Neurologic deficits after carotid endarterectomy (CEA) are rare, occurring in up to 5% of patients (1–3). Hemodynamic cerebral ischemia due to hemispheric hypoperfusion during internal carotid artery (ICA) clamping and the generation of emboli from the surgical site play significant roles in the development of new cerebral ischemic events, including new neurologic deficits and new cerebral ischemic lesions on diffusion-weighted MRI (DWI) after CEA (4–11). Cerebral hyperperfusion syndrome is also a complication after CEA and is characterized by unilateral headache, face and eye pain, seizure, and focal symptoms that occur secondary to cerebral edema or intracerebral hemorrhage (12–15). In addition, recent studies have demonstrated that post-CEA hyperperfusion, even when asymptomatic, causes postoperative cortical neural damage that results in postoperative cognitive impairment (16–18).
Risk factors for the development of cerebrovascular complications associated with CEA include preoperative impairments in cerebral hemodynamics (19–24). Several investigators have demonstrated that a decrease in cerebrovascular reactivity (CVR) to acetazolamide, as measured using SPECT, predicts postoperative new cerebral ischemic events due to hemispheric hypoperfusion during ICA clamping (19) or emboli from the surgical site (20), or post-CEA hyperperfusion (22–24). However, acetazolamide is associated with frequent and various adverse side effects, including metabolic acidosis, hypokalemia, numbness of the extremities, headache, tinnitus, gastrointestinal disturbances, and Stevens–Johnson syndrome (25,26). In fact, 1 study demonstrated that 63% of patients who underwent a SPECT study with acetazolamide challenge developed adverse effects between 1 and 3 h after administration of acetazolamide, and these symptoms lasted for 0.5–72 h (27) and frequently affected patients’ activities of daily living, including the ability to engage in their jobs (27).
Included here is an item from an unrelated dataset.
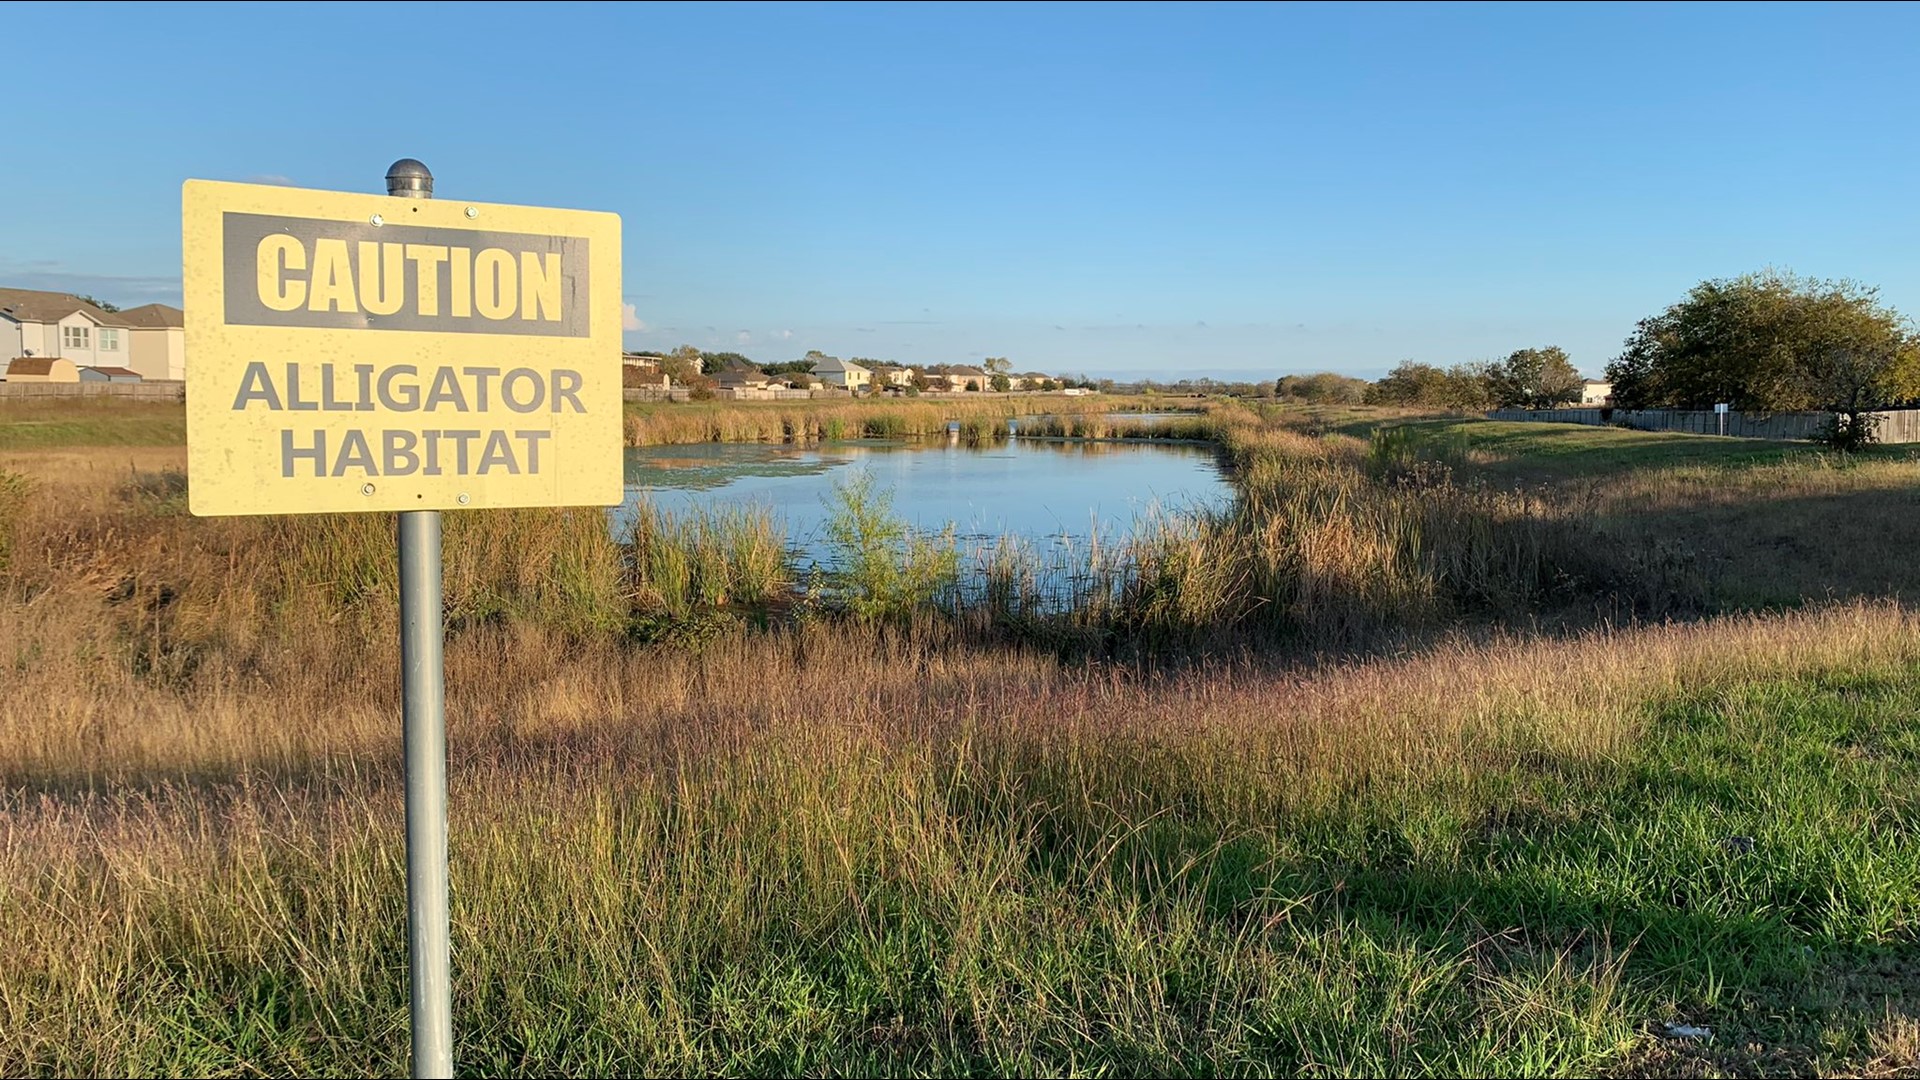 TPWD game wardens found evidence of alligators living in a Del Valle retention pond, but could not prove they attacked a pet.

Thus, it would be beneficial to develop a different SPECT method of predicting the cerebrovascular complications associated with CEA that does not require administration of acetazolamide.
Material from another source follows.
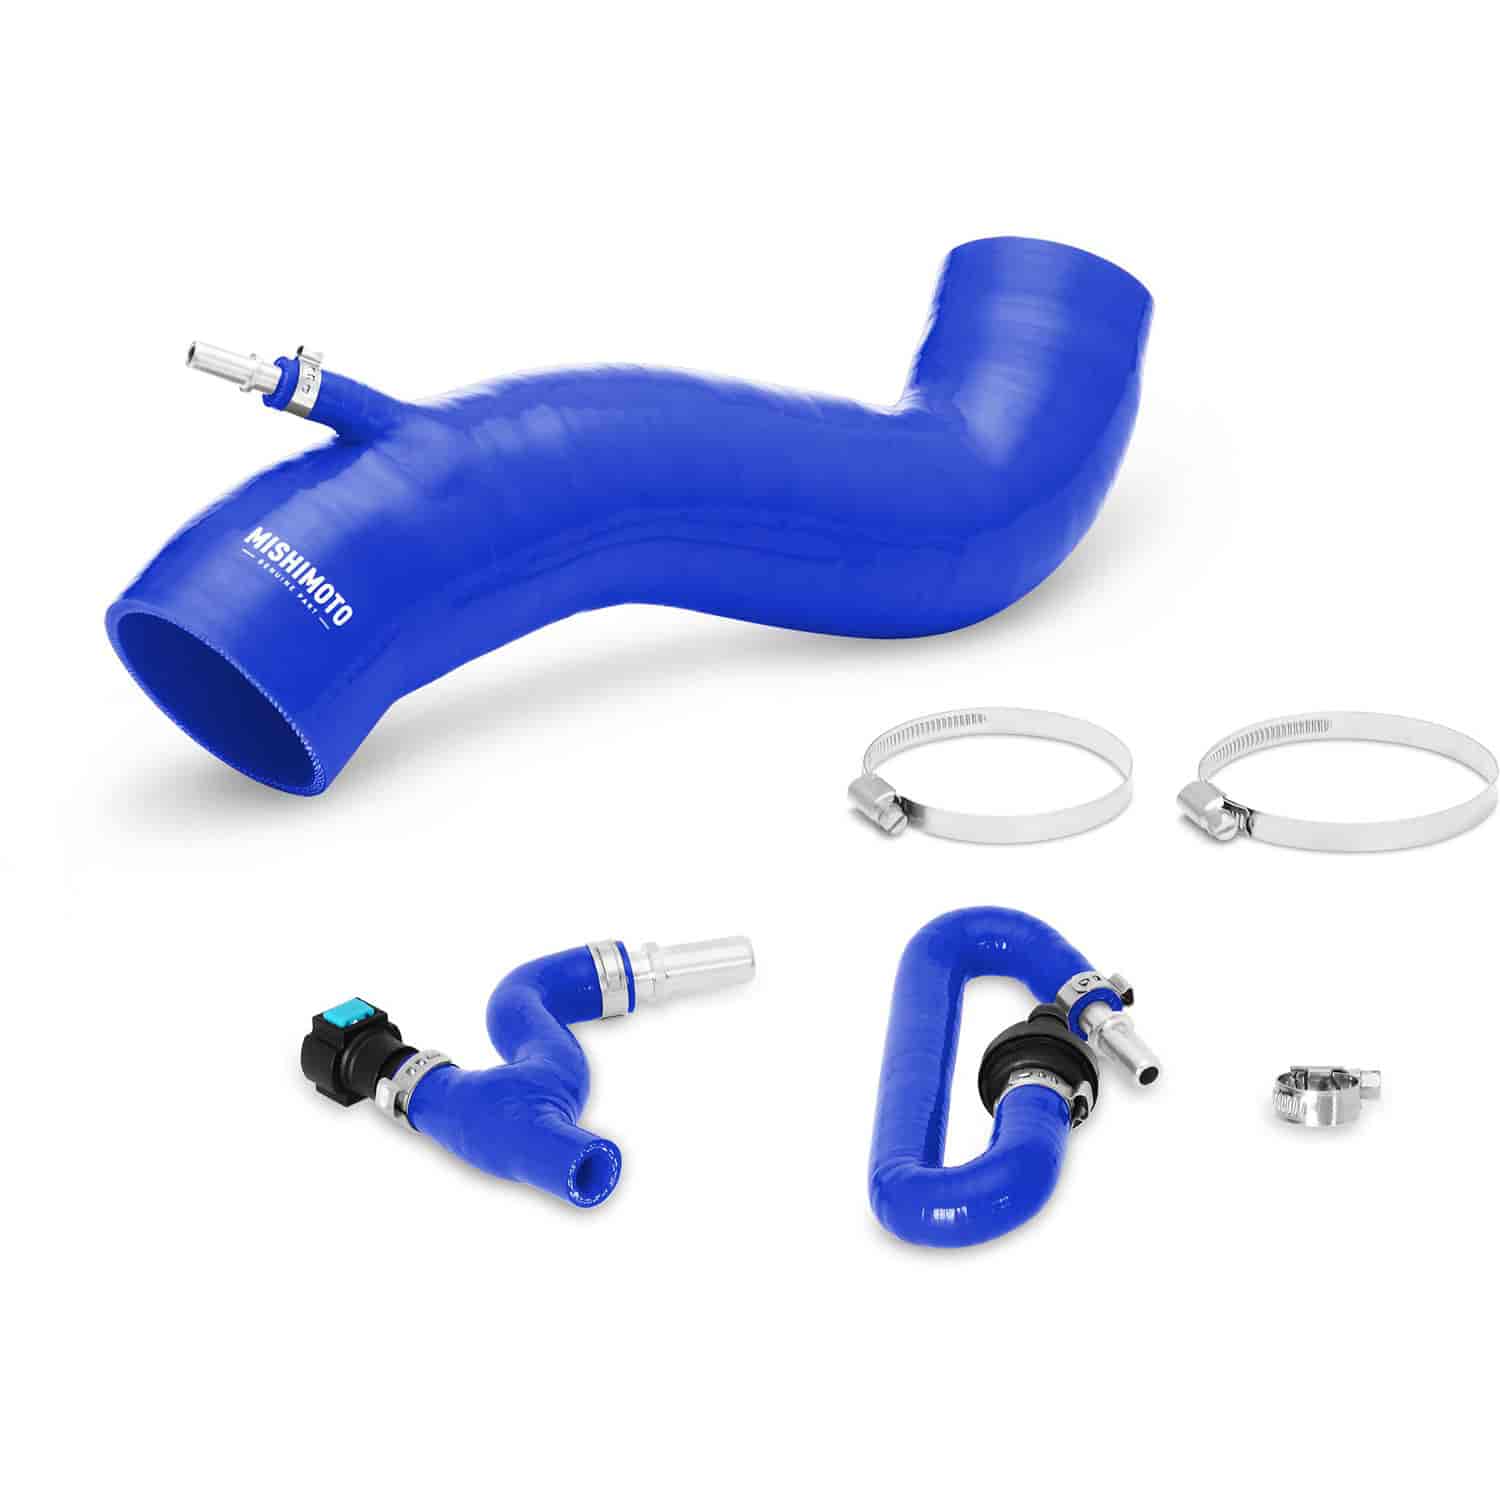 Ford Fiesta ST Silicone Induction Hose - MFG Part No. MMHOSE-FIST-16IHBL

The distribution of central benzodiazepine receptors in the cerebral cortex of the human brain has been widely studied with SPECT using 123I-iomazenil (123I-IMZ) (28–31). Central benzodiazepine receptor binding potential (CBRBP) on 123I-IMZ SPECT images is associated with neural density in the cerebral cortex, and a reduction in cortical CBRBP indicates cortical neural damage or loss (29–31). In the cerebral cortex with reduced CBRBP, cerebral metabolic rate of oxygen (CMRO2) probably decreases in proportion to the degree of neuronal damage. In fact, CBRBP images on 123I-IMZ SPECT reportedly correlate with CMRO2 images on PET in the cerebral cortex in patients with carotid artery occlusive diseases (32,33). Because oxygen extraction fraction (OEF), one of the key parameters of cerebral hemodynamics (34,35), is a function of CMRO2 and cerebral blood flow (CBF), CBRBP/CBF may reflect OEF. Indeed, a recent study has demonstrated that CBRBP/CBF images on SPECT correlate with OEF images on PET and provide high sensitivity and high specificity for detecting misery perfusion in the cerebral cortex in patients with chronic unilateral major cerebral artery occlusive disease (33).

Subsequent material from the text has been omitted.